Memang menjadi penyair tidak bisa diandalkan untuk hidup. Lebih-lebih sekarang. Produksi kata-kata semakin tidak terbatas. Sepuluh atau dua puluh tahun yang kemudian mungkin orang menulis di koran selalu mendapat honor. Tapi kini, dimuat saja sudah untung. Karena semakin banyak orang yang bisa menulis, semakin banyak media yang menjadi daerah menempatkan tulisan. Ditambah lagi, semakin sedikit pendapatan yang diraih oleh media konvensioanal. Iklan merosot, oplah merosotnya lebih parah lagi. Bahkan tidak sedikit koran dan majalah yang sudah tidak dicetak di kertas, hanya terbit versi digitalnya saja. Tentu alasannya kesulitan finansial.

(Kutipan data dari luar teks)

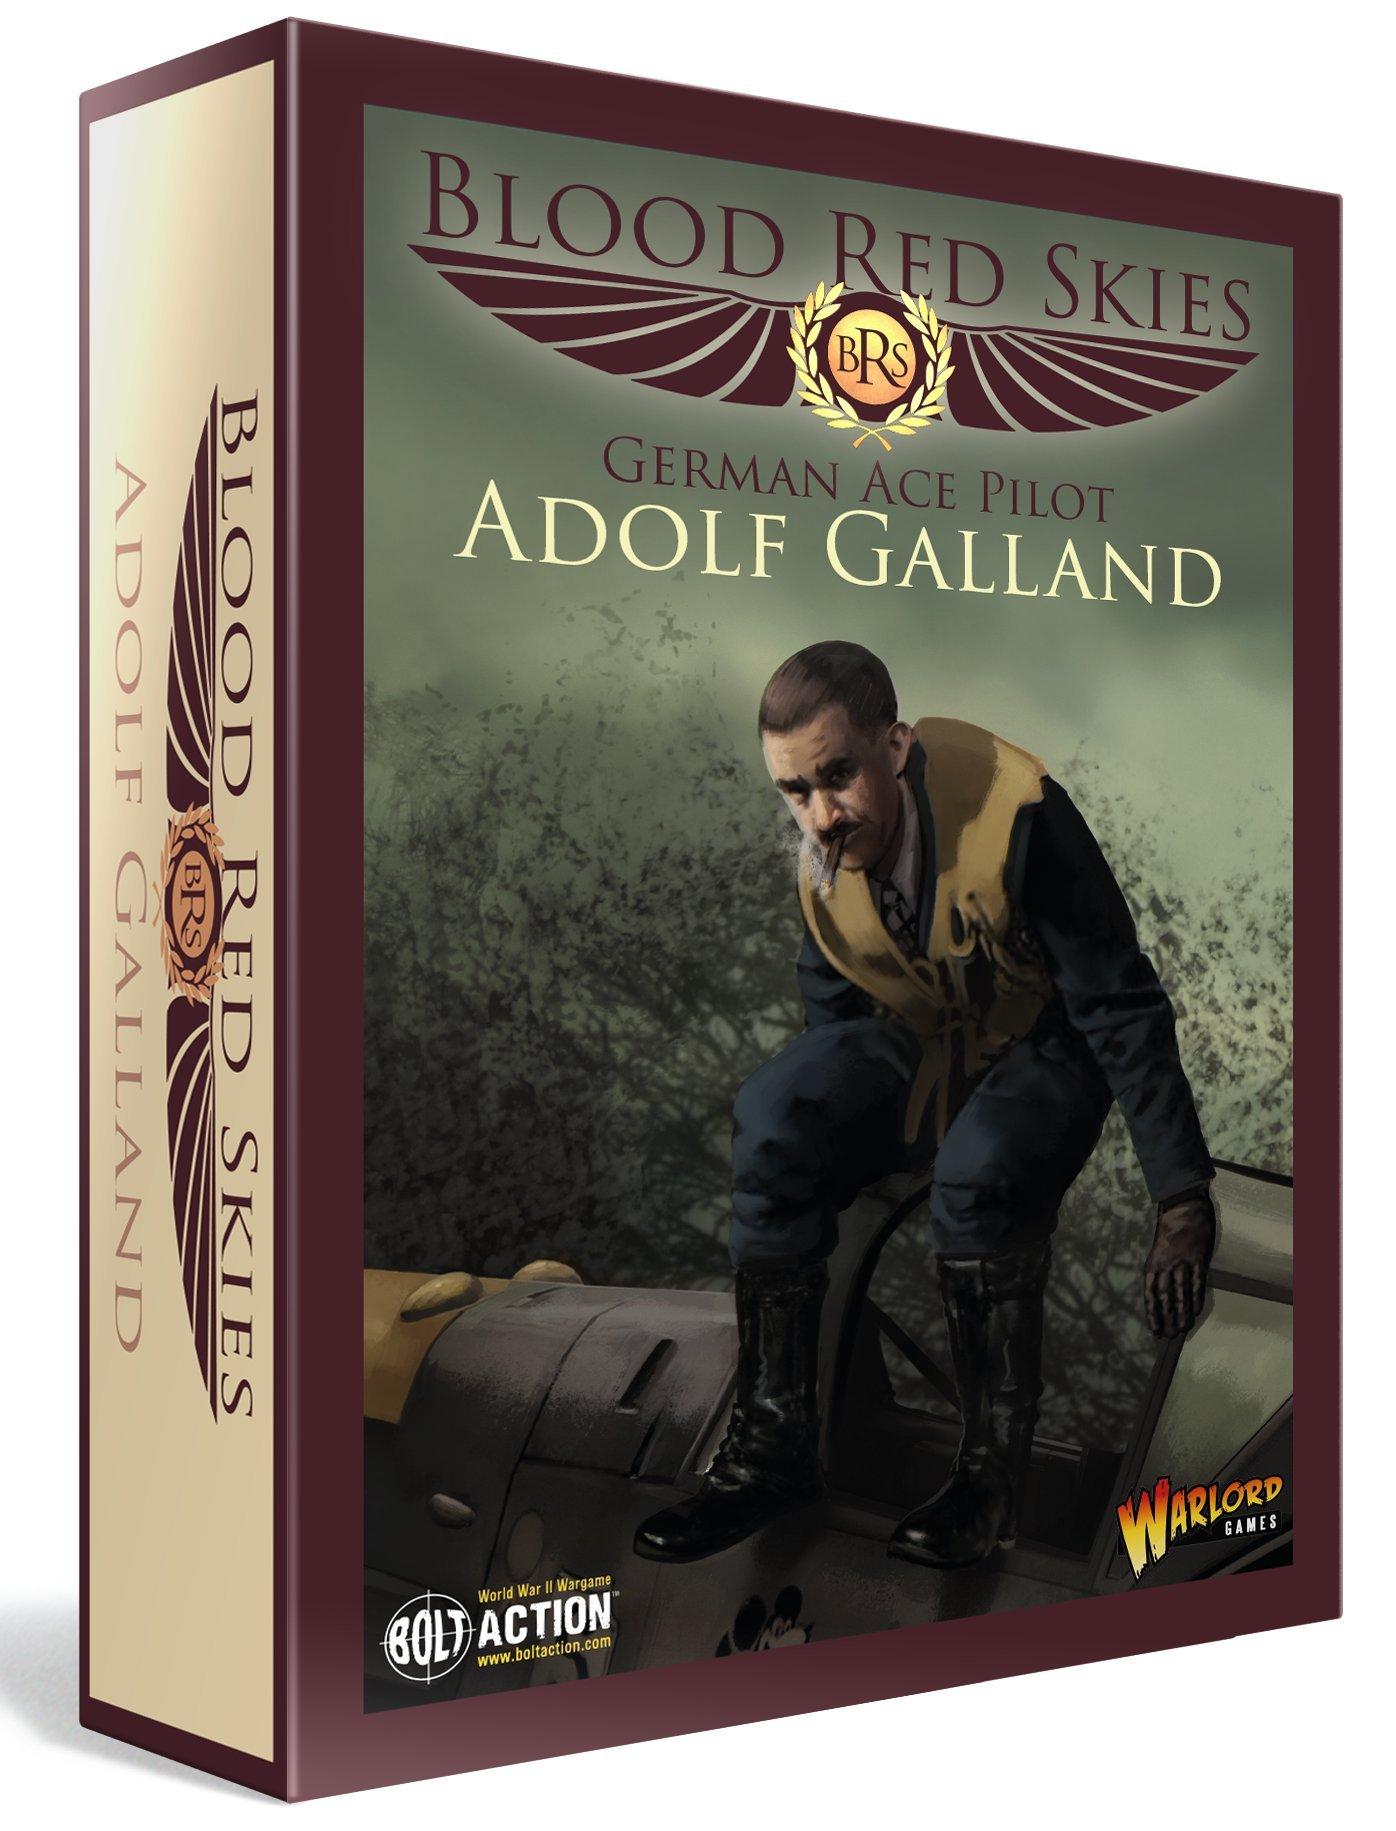 Warlord Games, Blood Red Skies - German Ace Pilot Adolf Galland set - Wargaming miniatures

Jika dulu Chairil mencuri karya orang lain biar mendapat gaji dari malajah tempatnya mengirim puisi, kini mungkin harus mencuri dengan makna leksikal untuk mendapat uang. Mencuri dalam arti nyata.

Tetapi, besarnya nama Chairil dan para sastrawan dan penyair lain tidak bisa semata-mata hanya dilihat dari segi bahan dan nominal uang. Memang Chairil tidak kaya, tetapi karyanya merupakan kekayaan tak terhingga bagi bangsa Indonesia. Memang Chairil mati muda alasannya penyakit yang tidak sanggup diobati maksimal alasannya tidak mempunyai biaya, tetapi karyanya masih hidup hingga kini, mungkin akan tetap hidup hingga seribu tahun lagi, menyerupai baris puisinya dalam ‘Aku’.

Baca Juga:
Analisis Puisi 'Taman' Karya Chairil Anwar
Analisis Puisi 'Senja di Pelabuhan Kecil' Karya Chairil Anwar


Jika ada guru yang menanyakan kepada muridnya, “Ingin menjadi menyerupai Chairil?” dan siswa menjawab serempak: “ingggiiiiiiin...”. Ketika ditanya “Mau jadi menyerupai Chairil Anwar?” siswa menjawab kompak: “Mauuuuu”.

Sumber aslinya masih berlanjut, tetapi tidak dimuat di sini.